The Louisiana Boardwalk Outlets is an outdoor shopping center combining retail shopping, restaurants, and entertainment. It is located in Bossier City, Louisiana, between the Horseshoe Bossier City and Margaritaville Resort Casino. It is one of the largest outlet malls in Louisiana.

Tenants at the 500,000 square foot (51,000 m^{2}) complex, which opened in May 2005, include Regal Cinemas, Cumulus Broadcasting Studios, Bass Pro Shops, Banana Republic, Justice, and Build-A-Bear Workshop. In addition, there are outlet stores owned by Haggar. There are more than fifty outlet stores, retail stores, restaurants and IMAX.

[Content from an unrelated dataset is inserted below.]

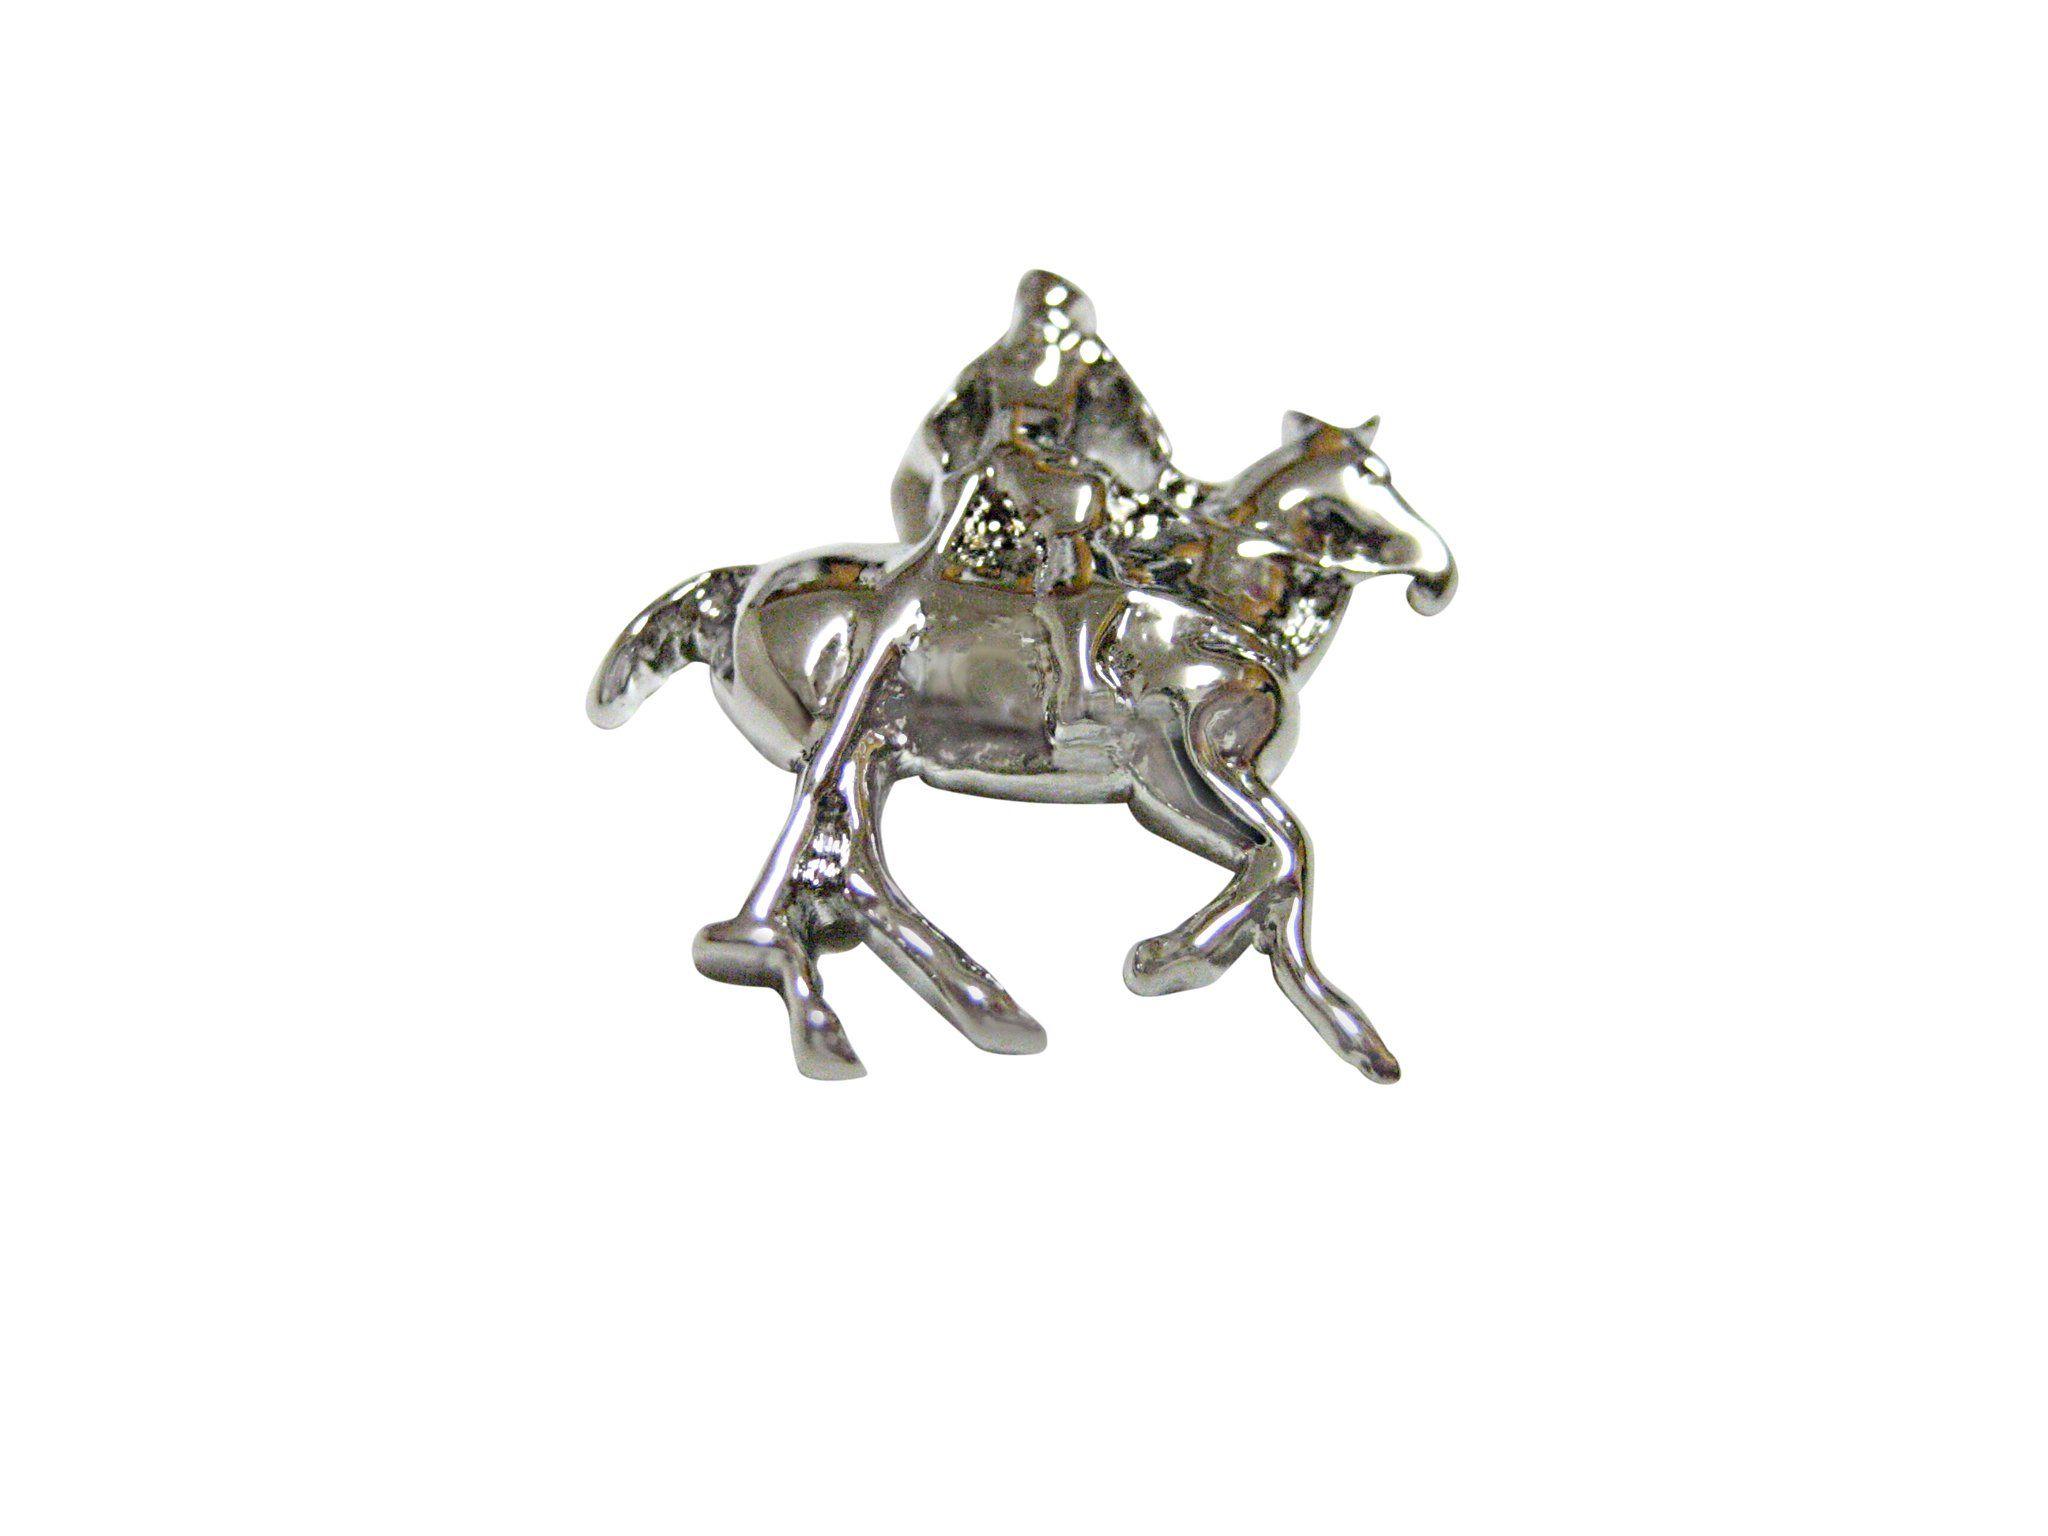 Horse Riding Polo Player Magnet Pendants Horse Riding Metallic Object

On March 30, 2008, Louisiana Boardwalk put a curfew in effect. No one under 16 is allowed after 8 p.m. unless accompanied by a parent or guardian.

Louisiana Boardwalk provides a sales tax refund on purchases up to $500 in cash and over $500 by check. Some recent store openings include Under Armour, Rocket Fizz, Express, Pepper Palace and Dollar Tree. The property boasts some of the best restaurants in the area including Hooters, Joe's Crab Shack, Fuddruckers, Sushiko, Saltgrass Steakhouse and IHOP.

After the COVID-19 crisis, customer attendance levels dropped significantly and stores began closing. As of May 2023, many tenants have closed their doors, Nike being the most notable one.